Let me make a few comments.
I think it's important to recognize that when we speak about railcar capacity, oil moves in a completely different kind of railcar. Those railcars are actually owned by the customers who ship oil, not by the railway. In the context of actual equipment capacity, there is no conflict.
I think the different geographies were mentioned earlier as well. Oil typically moves from west to south and east, whereas grain is moving from west to further west. We have significant locomotives at the moment, probably in the range of 400, that are being stored because we have excess capacity. I think the key thing is, of course, the planning process, and how connected we can be to our customers and forecast that demand.
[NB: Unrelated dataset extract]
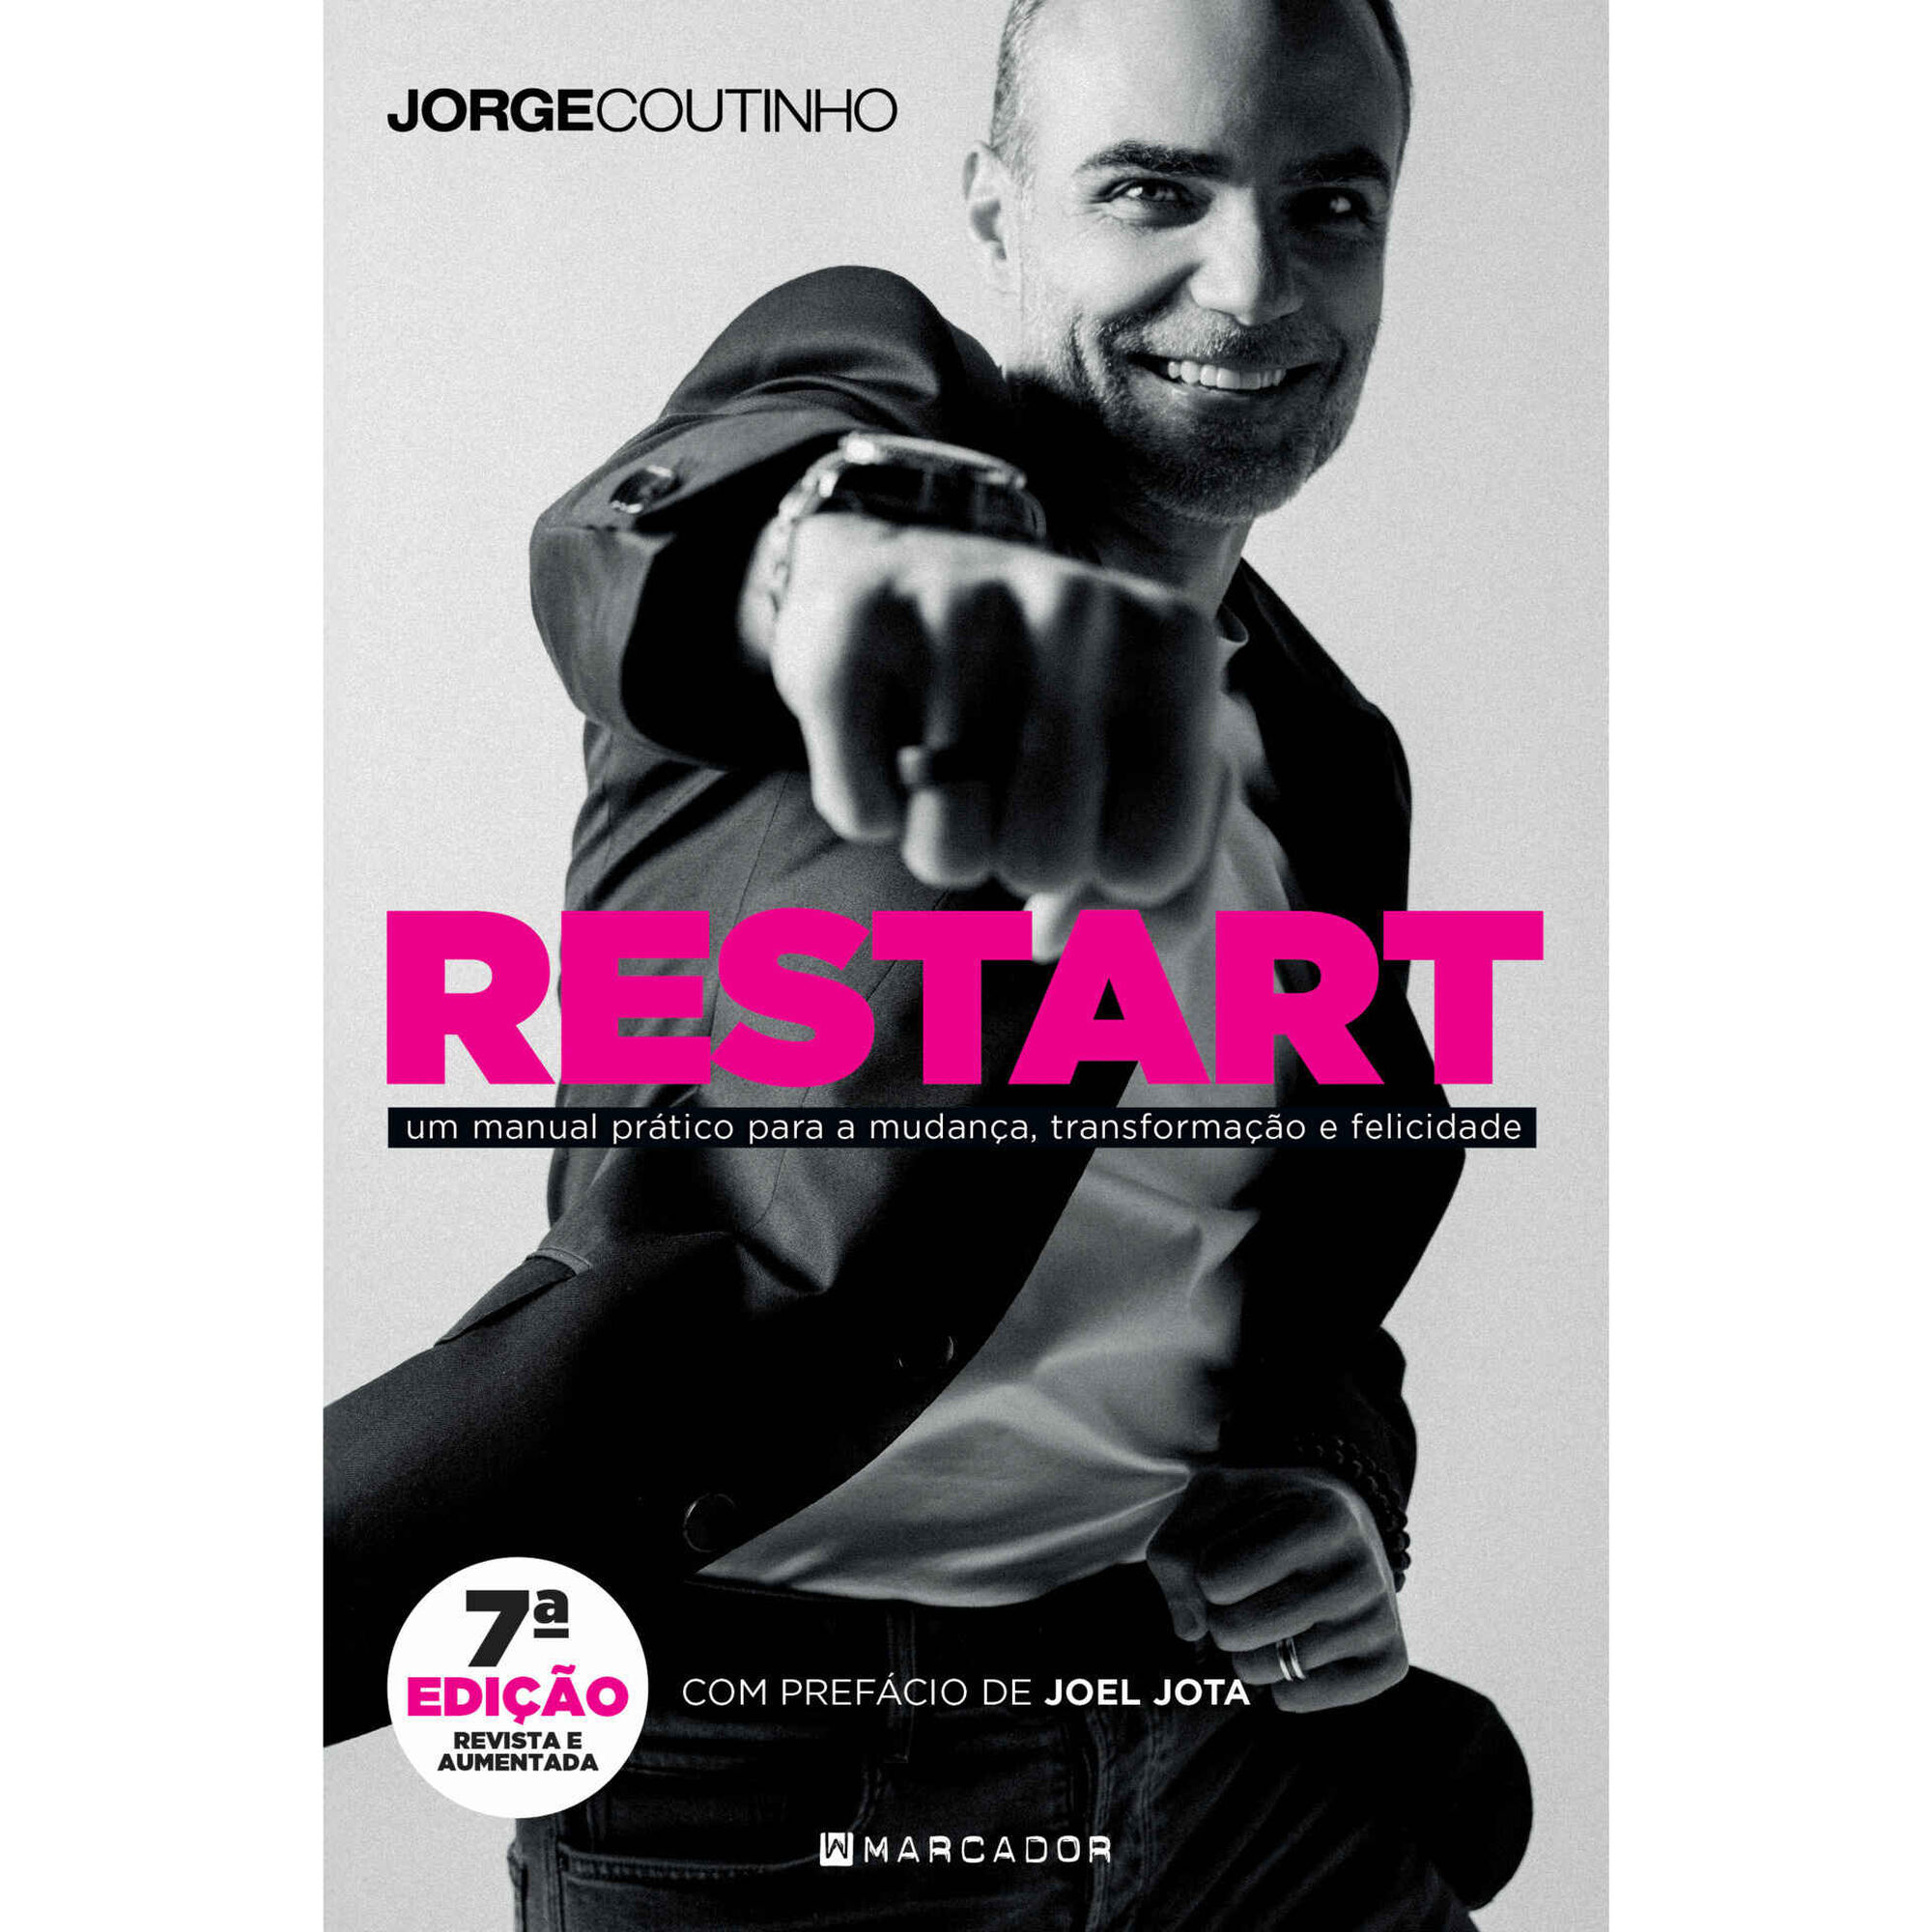 Restart (7ª Edição revista e aumentada)

Clearly, the demand that we saw in 2014, and expected to continue, has not materialized.
I would like to make one other comment specifically regarding grain, and address some of the issues that have been already raised.
Harvesting this year is about two weeks late. It's late because of weather. While I'm not suggesting that we should put quotas on the amount of grain that farmers need to deliver to the elevators, what I am pointing out is the interconnectedness of the supply chain. To the extent that we have vessels waiting on the west coast of Vancouver, and to the extent that last week there might not have been grain available, the reality is that part of the supply chain has been constrained by rain in the prairie provinces, which has constrained the farmers' ability to actually deliver the grain to the elevator.